My bad - I didn't scroll down, so I didn't see the
app.SysCmd 603, InPath, OutPath
Set app = Nothing

However, unlike javscript and some other code, I don't think VBA functions have to return a value. In fact they usually DON'T return a value.

i.e. you can rename a sub as a function and it will work just fine (one difference is functions can be called by the generic Access macro code and subs cannot).

In fact you have to define a value for it to be returned - something like:

Function TrimSpaces(InputString as string) as string
TrimSpaces = Trim(InputString)
End Function
Wrong. Most functions do return a value, otherwise I use a sub.
That code, I believe I got here.
I just ran it and it created the accde.

You could test for an error and return a True or False if any occur that stop the accde being created. That is why I say check in the message.
These faciliies are not avaiable to normal users, just myself and run from a switchboard form.
1695058137175.png


Edit: Well I was partially correct. I got the code on the net, and then amended wih code from @CJ_London
 
Last edited:
However, unlike javscript and some other code, I don't think VBA functions have to return a value. In fact they usually DON'T return a value.

You actually got that sort of inverted. Subs don't return a value. Functions always do - but you can ignore the value because a function CAN be called as though it was a sub, leaving no directions on where to put the returned value. I.e. the function DOES have to return a value but YOU don't have to use it.
 
You actually got that sort of inverted. Subs don't return a value. Functions always do - but you can ignore the value because a function CAN be called as though it was a sub, leaving no directions on where to put the returned value. I.e. the function DOES have to return a value but YOU don't have to use it.

I don't agree with the function part of that explanation.
Subs never return a value - agreed.
Functions will often be used to return a value but that isn't a requirement.
For example, if a subprocedure is modified to be a function it will still work and won't return any value
 
@Marshall Brooks
You might find my articles on creating ACCDEs in code useful


 
My bad - I didn't scroll down, so I didn't see the
app.SysCmd 603, InPath, OutPath
Set app = Nothing

However, unlike javscript and some other code, I don't think VBA functions have to return a value. In fact they usually DON'T return a value.

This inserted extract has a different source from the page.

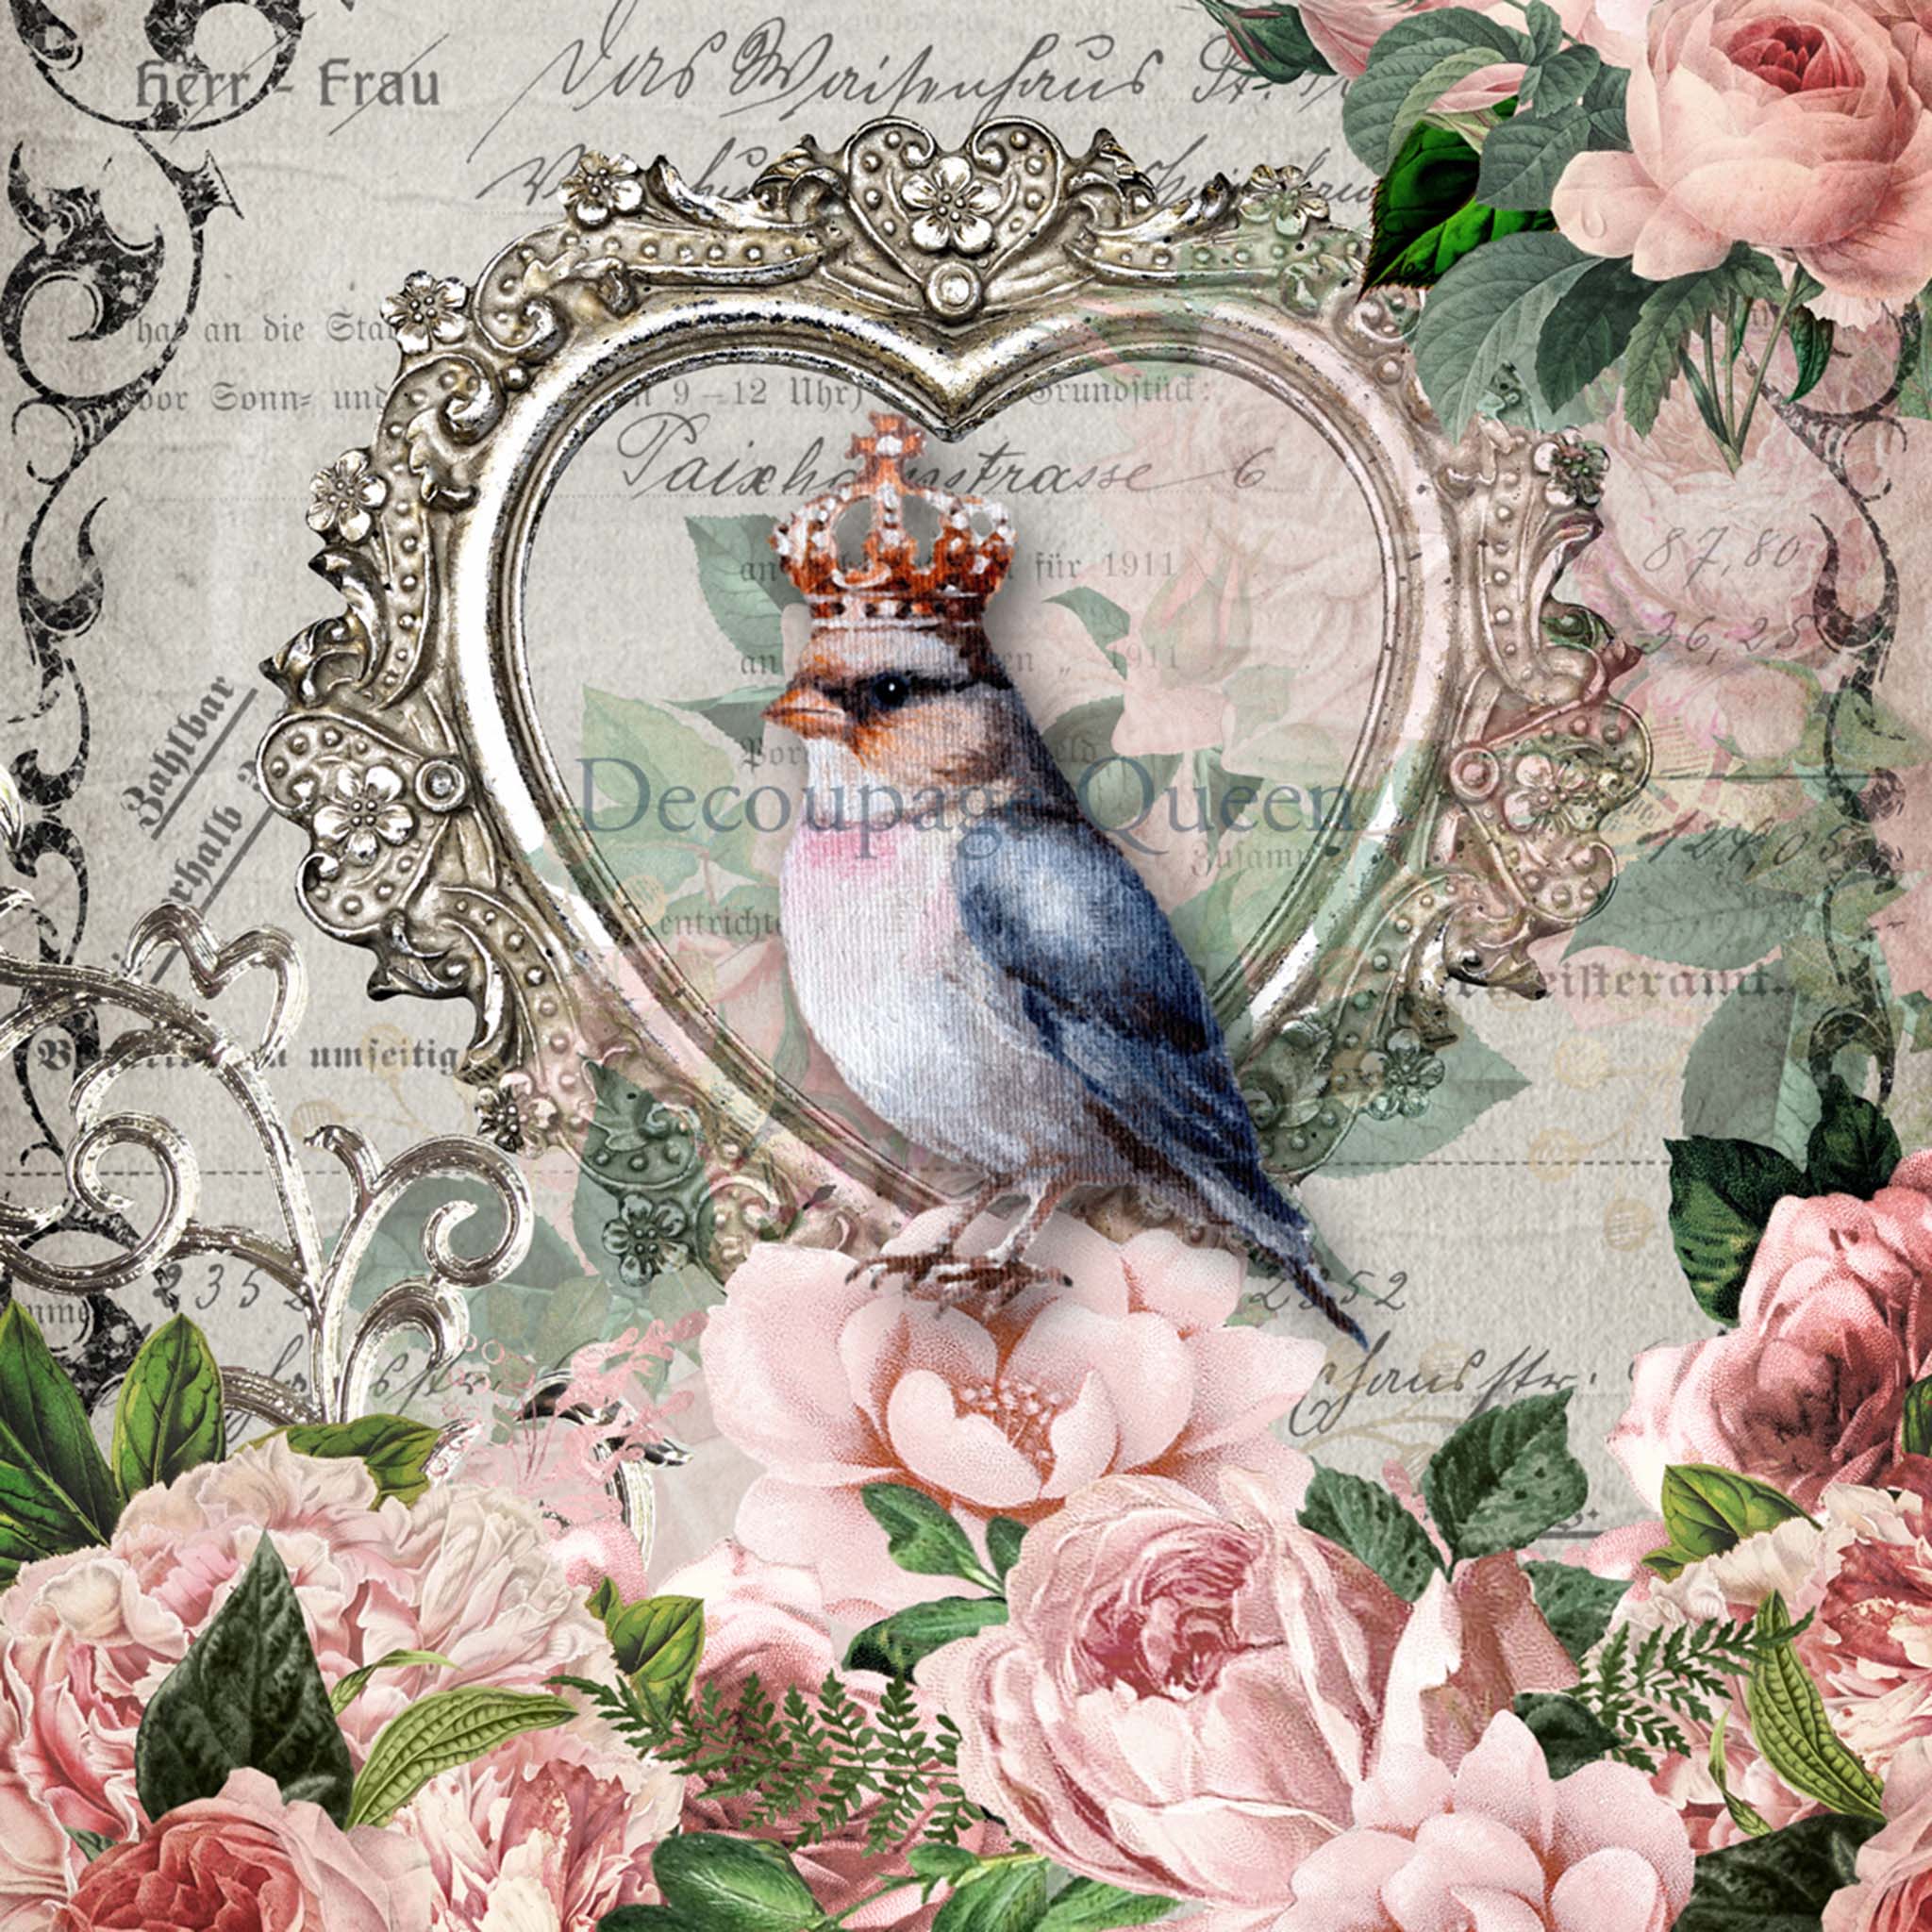 Close-up of an A3 rice paper design that features delicate pink roses, a charming bluebird wearing a crown while sitting in a heart picture frame, and a vintage French document.

i.e. you can rename a sub as a function and it will work just fine (one difference is functions can be called by the generic Access macro code and subs cannot).

In fact you have to define a value for it to be returned - something like:

Function TrimSpaces(InputString as string) as string
TrimSpaces = Trim(InputString)
End Function
It is more accurate to say Functions return values. However, you don't have to do anything with those returned values. It's safe to ignore them.
 
Basically what I was trying to say in reply #13.
But you were missing my point. The code you posted that you said you wanted to attempt was written as if the MakeACCDE() function was returning an object, which I was saying that it wasn't, so I was just saying your idea won't work as written. Of course, you would have found that out anyway once you get a chance to test it.